Qwen 3.6 27B in RTX PRO 6000 - Why high RAM usage?

Posted by ubnew@reddit | LocalLLaMA | View on Reddit | 27 comments

Hey guys so I am running unsloth/Qwen3.6-27B-GGUF:UD-Q8_K_XL in RTX PRO 6000 Blackwell Max-Q and I am not sure what is the cause of using this high ammount of RAM memory (cache'd)
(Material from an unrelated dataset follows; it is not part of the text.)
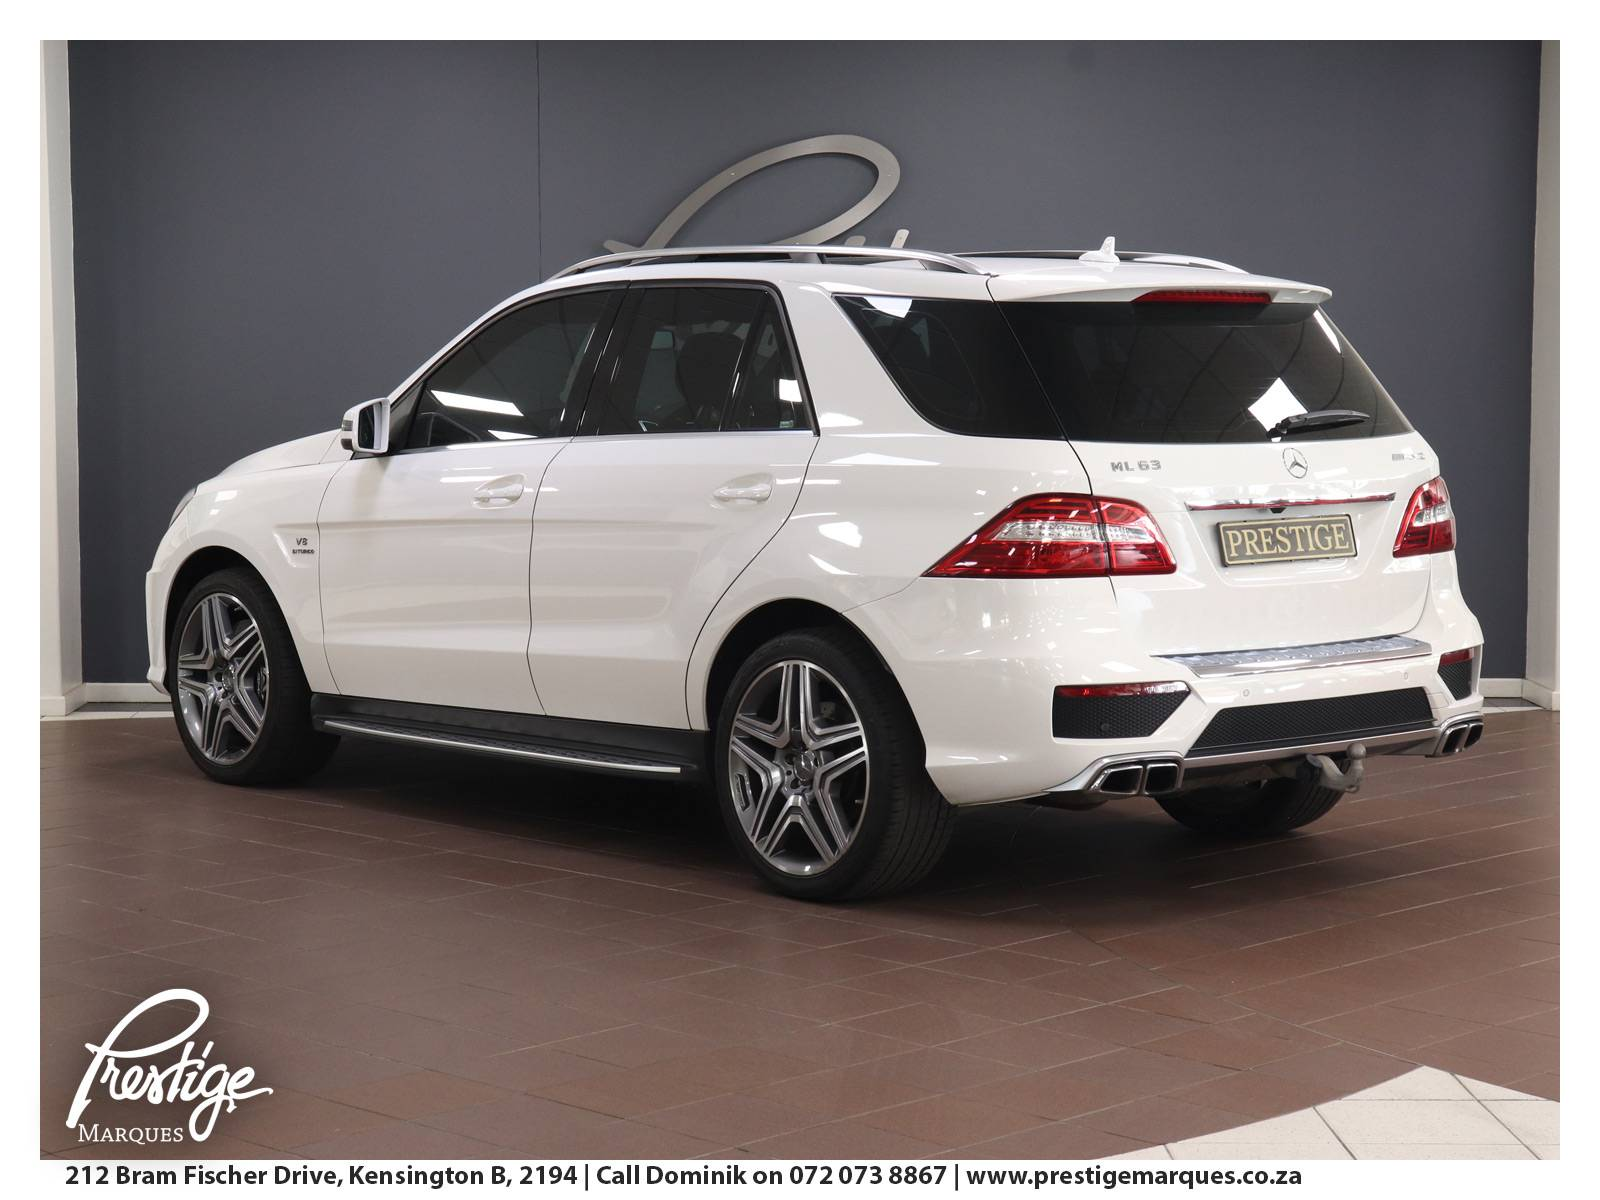 2015-Mercedes-Benz-ML63-AMG-Prestige-Marques-Randburg-Sandton-4

I am using this llama-server script:

MODEL="unsloth/Qwen3.6-27B-GGUF:UD-Q8_K_XL"
TEMPLATE="./qwen3.6-27b-chat.jinja"

llama-server -hf "$MODEL" \
  --jinja \
  --chat-template-file "$TEMPLATE" \
  --chat-template-kwargs '{"preserve_thinking": true}' \
  --ctx-size 262144 \
  -fa on \
  -ngl 99 \
  --temp 0.6 \
  --top-p 0.95 \
  --top-k 20 \
  --min-p 0.00 \
  --repeat-penalty 1.0 \
  --presence-penalty 0.0 \
  --host 0.0.0.0 \
  --port 8080

with CUDA Version: 13.1

It's practically the same script I was using for other models without any issue, but with qwen 3.6 35B A3B and the new 27B the prompt processing is getting slow and I guess it's because it's offloading cache to ram? I've tried setting the KV to Q8 without success.

Any ideas?